→ WORK TO COMPLETE:
Look below for the line that contains "Peaceful green lake" and the line that contains "AFA04536 - Rugged", then restate both of them and every line in between, exactly. No picture goes in the copy.

→ RECORDS PROVIDED:
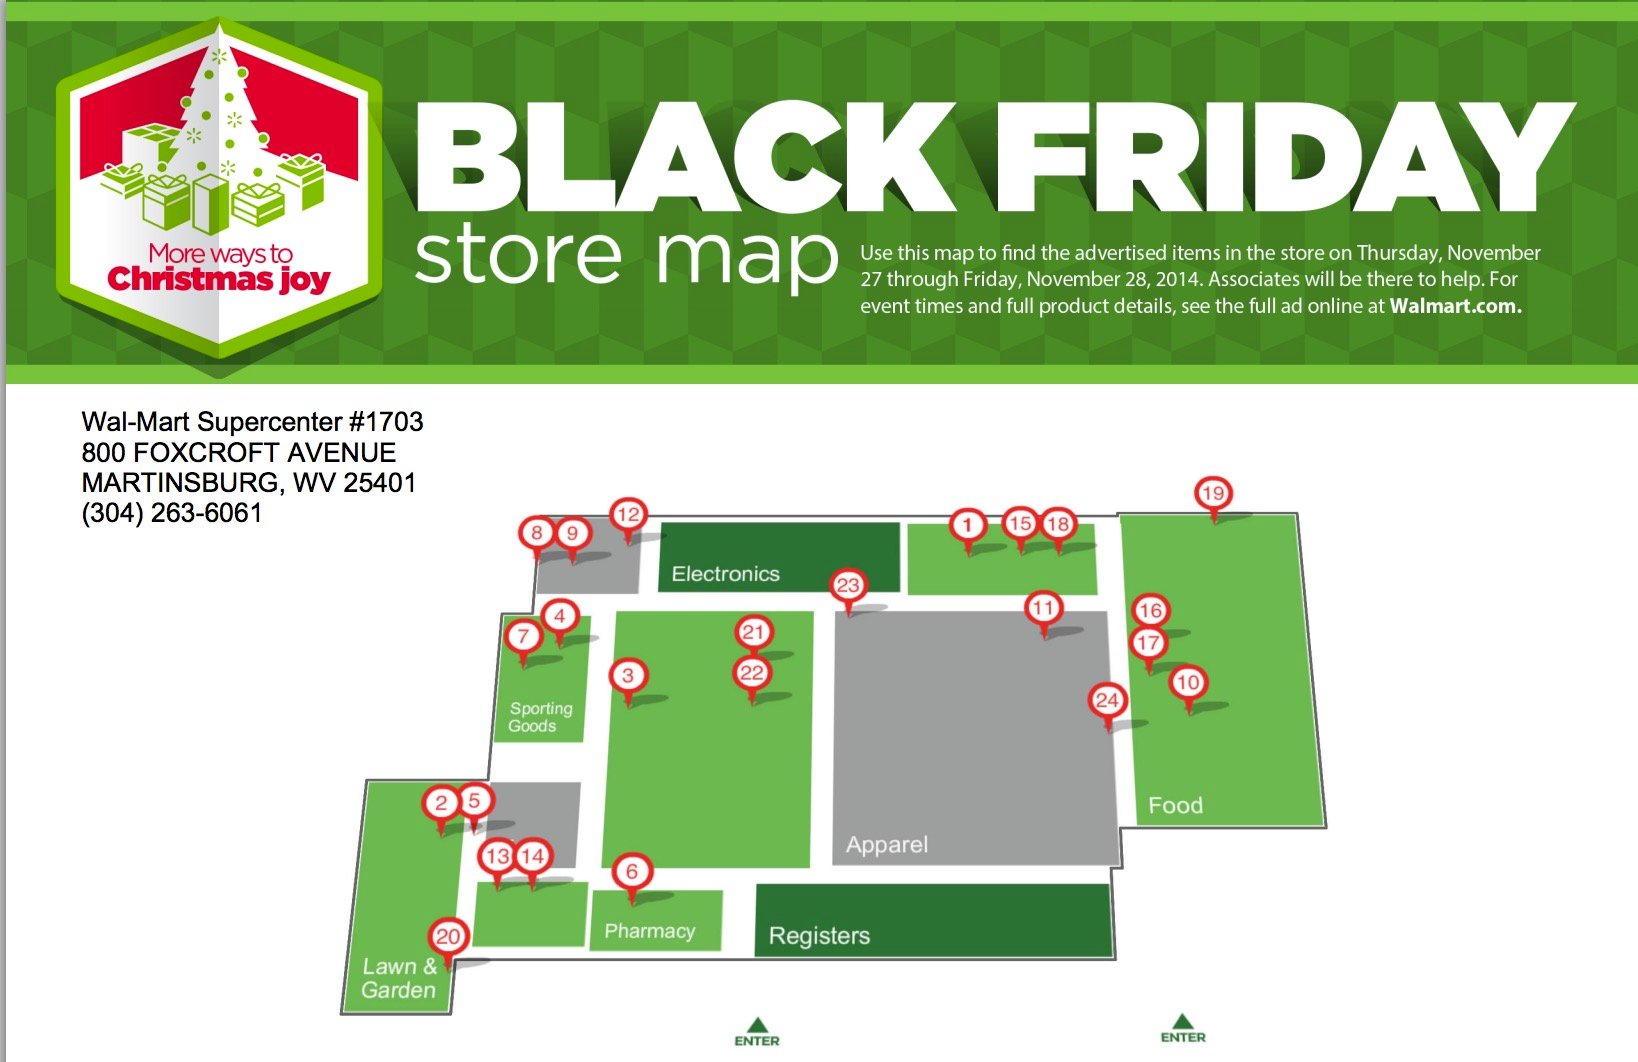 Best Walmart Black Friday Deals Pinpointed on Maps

--

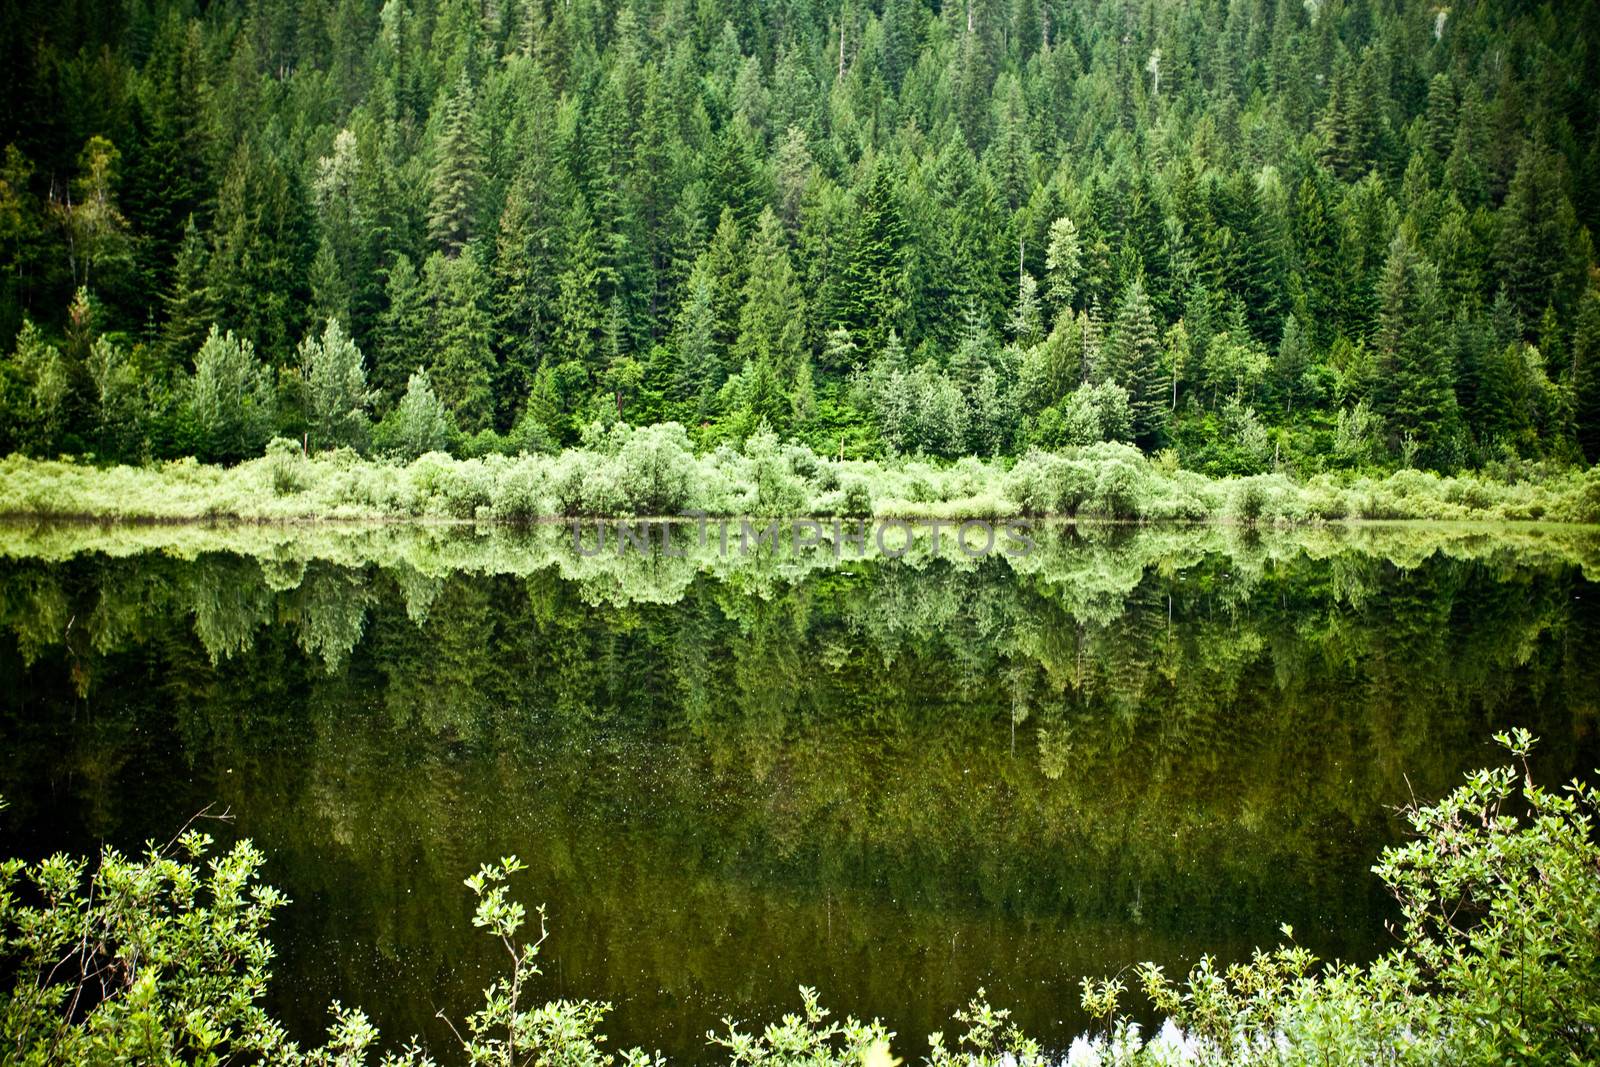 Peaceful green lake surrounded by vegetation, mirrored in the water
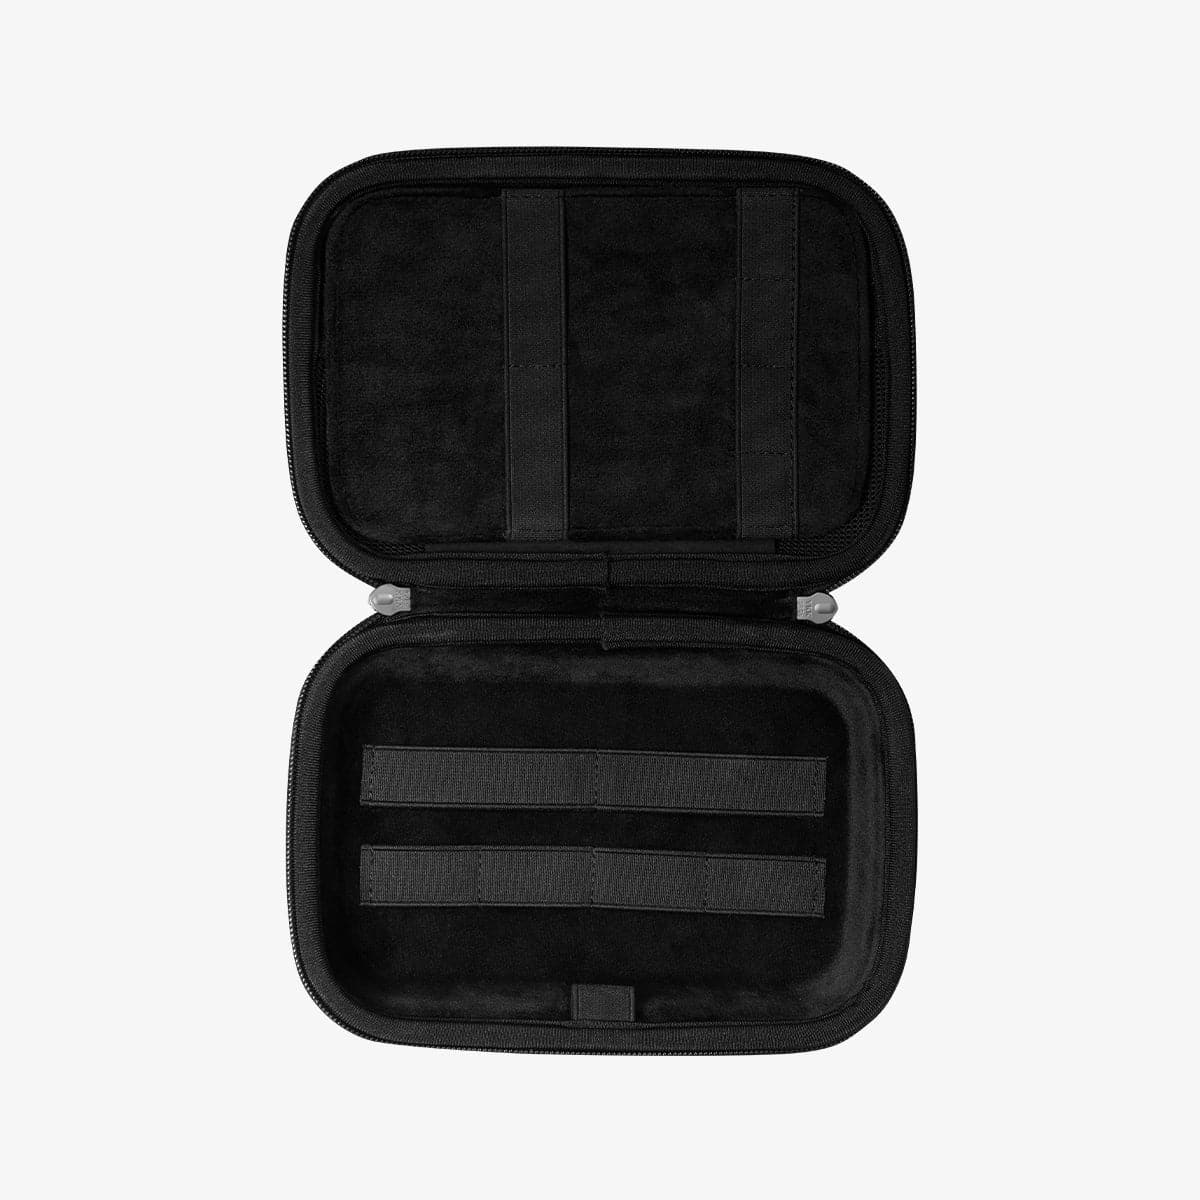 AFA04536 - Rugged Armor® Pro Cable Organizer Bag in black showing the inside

→ SOLUTION TO THE PROBLEM:
 Peaceful green lake surrounded by vegetation, mirrored in the water
 AFA04536 - Rugged Armor® Pro Cable Organizer Bag in black showing the inside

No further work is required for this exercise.